Collected data:
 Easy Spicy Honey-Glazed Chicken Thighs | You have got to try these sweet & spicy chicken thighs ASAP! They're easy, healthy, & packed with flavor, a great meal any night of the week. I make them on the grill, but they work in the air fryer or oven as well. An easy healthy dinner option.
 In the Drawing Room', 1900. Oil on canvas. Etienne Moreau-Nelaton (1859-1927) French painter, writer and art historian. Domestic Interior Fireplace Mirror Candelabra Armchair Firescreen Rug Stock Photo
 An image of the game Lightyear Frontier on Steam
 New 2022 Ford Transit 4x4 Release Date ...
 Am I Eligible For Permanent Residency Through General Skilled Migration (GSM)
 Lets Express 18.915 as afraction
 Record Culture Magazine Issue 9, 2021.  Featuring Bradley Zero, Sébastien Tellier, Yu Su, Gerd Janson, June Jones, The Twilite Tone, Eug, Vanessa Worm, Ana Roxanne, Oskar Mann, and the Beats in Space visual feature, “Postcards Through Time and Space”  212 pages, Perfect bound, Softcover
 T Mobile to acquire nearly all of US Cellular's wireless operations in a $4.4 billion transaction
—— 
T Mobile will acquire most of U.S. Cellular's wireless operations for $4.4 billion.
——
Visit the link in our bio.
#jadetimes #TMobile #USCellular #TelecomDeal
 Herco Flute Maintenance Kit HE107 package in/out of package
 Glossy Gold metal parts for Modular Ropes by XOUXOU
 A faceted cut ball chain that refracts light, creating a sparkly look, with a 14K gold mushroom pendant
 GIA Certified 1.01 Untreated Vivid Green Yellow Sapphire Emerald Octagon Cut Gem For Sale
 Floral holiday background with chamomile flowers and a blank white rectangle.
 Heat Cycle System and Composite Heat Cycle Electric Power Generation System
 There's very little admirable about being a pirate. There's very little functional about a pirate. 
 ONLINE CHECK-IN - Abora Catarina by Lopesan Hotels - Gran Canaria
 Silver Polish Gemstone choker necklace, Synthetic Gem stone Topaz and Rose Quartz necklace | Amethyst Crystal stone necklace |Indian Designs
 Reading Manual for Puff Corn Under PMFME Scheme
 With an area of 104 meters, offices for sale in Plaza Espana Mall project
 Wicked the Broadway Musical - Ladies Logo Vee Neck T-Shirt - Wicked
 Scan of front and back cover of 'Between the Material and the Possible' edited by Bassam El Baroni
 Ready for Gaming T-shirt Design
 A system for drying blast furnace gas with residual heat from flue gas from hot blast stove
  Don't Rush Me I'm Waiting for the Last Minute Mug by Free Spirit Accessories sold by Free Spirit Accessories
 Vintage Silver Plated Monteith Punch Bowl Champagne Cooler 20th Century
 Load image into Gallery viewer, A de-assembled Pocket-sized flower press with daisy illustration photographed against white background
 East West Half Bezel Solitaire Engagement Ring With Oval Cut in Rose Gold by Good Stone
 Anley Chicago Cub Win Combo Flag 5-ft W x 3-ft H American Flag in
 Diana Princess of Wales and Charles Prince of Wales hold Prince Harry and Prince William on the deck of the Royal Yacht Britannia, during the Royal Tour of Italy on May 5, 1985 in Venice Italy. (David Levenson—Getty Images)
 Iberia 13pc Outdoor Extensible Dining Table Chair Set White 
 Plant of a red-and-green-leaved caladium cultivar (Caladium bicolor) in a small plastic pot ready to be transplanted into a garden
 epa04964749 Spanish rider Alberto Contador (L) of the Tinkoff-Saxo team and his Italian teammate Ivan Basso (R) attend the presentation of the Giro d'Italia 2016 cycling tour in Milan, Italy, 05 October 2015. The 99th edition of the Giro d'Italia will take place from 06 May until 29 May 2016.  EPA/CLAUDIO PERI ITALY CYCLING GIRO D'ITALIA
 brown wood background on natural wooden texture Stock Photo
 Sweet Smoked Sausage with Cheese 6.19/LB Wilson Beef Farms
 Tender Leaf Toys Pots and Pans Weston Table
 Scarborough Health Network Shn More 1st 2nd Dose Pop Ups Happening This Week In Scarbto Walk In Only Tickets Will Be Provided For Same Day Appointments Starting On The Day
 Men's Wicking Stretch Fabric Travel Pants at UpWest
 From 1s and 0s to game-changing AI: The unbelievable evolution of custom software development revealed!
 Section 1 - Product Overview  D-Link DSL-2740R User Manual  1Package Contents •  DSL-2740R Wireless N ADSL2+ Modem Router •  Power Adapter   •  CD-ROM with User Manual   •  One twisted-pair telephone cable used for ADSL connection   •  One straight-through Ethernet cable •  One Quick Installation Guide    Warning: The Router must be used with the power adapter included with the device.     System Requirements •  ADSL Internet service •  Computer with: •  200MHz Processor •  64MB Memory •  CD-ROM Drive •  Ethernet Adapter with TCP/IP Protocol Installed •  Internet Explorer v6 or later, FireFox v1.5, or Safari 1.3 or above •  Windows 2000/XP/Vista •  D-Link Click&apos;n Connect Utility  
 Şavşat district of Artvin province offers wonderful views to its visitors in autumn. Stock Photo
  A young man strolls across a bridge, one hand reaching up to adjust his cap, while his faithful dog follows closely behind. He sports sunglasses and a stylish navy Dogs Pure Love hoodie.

Goal of the exercise:
Give an exact copy of all the data shown above.

Answer to the exercise:
 Easy Spicy Honey-Glazed Chicken Thighs | You have got to try these sweet & spicy chicken thighs ASAP! They're easy, healthy, & packed with flavor, a great meal any night of the week. I make them on the grill, but they work in the air fryer or oven as well. An easy healthy dinner option.
 In the Drawing Room', 1900. Oil on canvas. Etienne Moreau-Nelaton (1859-1927) French painter, writer and art historian. Domestic Interior Fireplace Mirror Candelabra Armchair Firescreen Rug Stock Photo
 An image of the game Lightyear Frontier on Steam
 New 2022 Ford Transit 4x4 Release Date ...
 Am I Eligible For Permanent Residency Through General Skilled Migration (GSM)
 Lets Express 18.915 as afraction
 Record Culture Magazine Issue 9, 2021.  Featuring Bradley Zero, Sébastien Tellier, Yu Su, Gerd Janson, June Jones, The Twilite Tone, Eug, Vanessa Worm, Ana Roxanne, Oskar Mann, and the Beats in Space visual feature, “Postcards Through Time and Space”  212 pages, Perfect bound, Softcover
 T Mobile to acquire nearly all of US Cellular's wireless operations in a $4.4 billion transaction
—— 
T Mobile will acquire most of U.S. Cellular's wireless operations for $4.4 billion.
——
Visit the link in our bio.
#jadetimes #TMobile #USCellular #TelecomDeal
 Herco Flute Maintenance Kit HE107 package in/out of package
 Glossy Gold metal parts for Modular Ropes by XOUXOU
 A faceted cut ball chain that refracts light, creating a sparkly look, with a 14K gold mushroom pendant
 GIA Certified 1.01 Untreated Vivid Green Yellow Sapphire Emerald Octagon Cut Gem For Sale
 Floral holiday background with chamomile flowers and a blank white rectangle.
 Heat Cycle System and Composite Heat Cycle Electric Power Generation System
 There's very little admirable about being a pirate. There's very little functional about a pirate. 
 ONLINE CHECK-IN - Abora Catarina by Lopesan Hotels - Gran Canaria
 Silver Polish Gemstone choker necklace, Synthetic Gem stone Topaz and Rose Quartz necklace | Amethyst Crystal stone necklace |Indian Designs
 Reading Manual for Puff Corn Under PMFME Scheme
 With an area of 104 meters, offices for sale in Plaza Espana Mall project
 Wicked the Broadway Musical - Ladies Logo Vee Neck T-Shirt - Wicked
 Scan of front and back cover of 'Between the Material and the Possible' edited by Bassam El Baroni
 Ready for Gaming T-shirt Design
 A system for drying blast furnace gas with residual heat from flue gas from hot blast stove
  Don't Rush Me I'm Waiting for the Last Minute Mug by Free Spirit Accessories sold by Free Spirit Accessories
 Vintage Silver Plated Monteith Punch Bowl Champagne Cooler 20th Century
 Load image into Gallery viewer, A de-assembled Pocket-sized flower press with daisy illustration photographed against white background
 East West Half Bezel Solitaire Engagement Ring With Oval Cut in Rose Gold by Good Stone
 Anley Chicago Cub Win Combo Flag 5-ft W x 3-ft H American Flag in
 Diana Princess of Wales and Charles Prince of Wales hold Prince Harry and Prince William on the deck of the Royal Yacht Britannia, during the Royal Tour of Italy on May 5, 1985 in Venice Italy. (David Levenson—Getty Images)
 Iberia 13pc Outdoor Extensible Dining Table Chair Set White 
 Plant of a red-and-green-leaved caladium cultivar (Caladium bicolor) in a small plastic pot ready to be transplanted into a garden
 epa04964749 Spanish rider Alberto Contador (L) of the Tinkoff-Saxo team and his Italian teammate Ivan Basso (R) attend the presentation of the Giro d'Italia 2016 cycling tour in Milan, Italy, 05 October 2015. The 99th edition of the Giro d'Italia will take place from 06 May until 29 May 2016.  EPA/CLAUDIO PERI ITALY CYCLING GIRO D'ITALIA
 brown wood background on natural wooden texture Stock Photo
 Sweet Smoked Sausage with Cheese 6.19/LB Wilson Beef Farms
 Tender Leaf Toys Pots and Pans Weston Table
 Scarborough Health Network Shn More 1st 2nd Dose Pop Ups Happening This Week In Scarbto Walk In Only Tickets Will Be Provided For Same Day Appointments Starting On The Day
 Men's Wicking Stretch Fabric Travel Pants at UpWest
 From 1s and 0s to game-changing AI: The unbelievable evolution of custom software development revealed!
 Section 1 - Product Overview  D-Link DSL-2740R User Manual  1Package Contents •  DSL-2740R Wireless N ADSL2+ Modem Router •  Power Adapter   •  CD-ROM with User Manual   •  One twisted-pair telephone cable used for ADSL connection   •  One straight-through Ethernet cable •  One Quick Installation Guide    Warning: The Router must be used with the power adapter included with the device.     System Requirements •  ADSL Internet service •  Computer with: •  200MHz Processor •  64MB Memory •  CD-ROM Drive •  Ethernet Adapter with TCP/IP Protocol Installed •  Internet Explorer v6 or later, FireFox v1.5, or Safari 1.3 or above •  Windows 2000/XP/Vista •  D-Link Click&apos;n Connect Utility  
 Şavşat district of Artvin province offers wonderful views to its visitors in autumn. Stock Photo
  A young man strolls across a bridge, one hand reaching up to adjust his cap, while his faithful dog follows closely behind. He sports sunglasses and a stylish navy Dogs Pure Love hoodie.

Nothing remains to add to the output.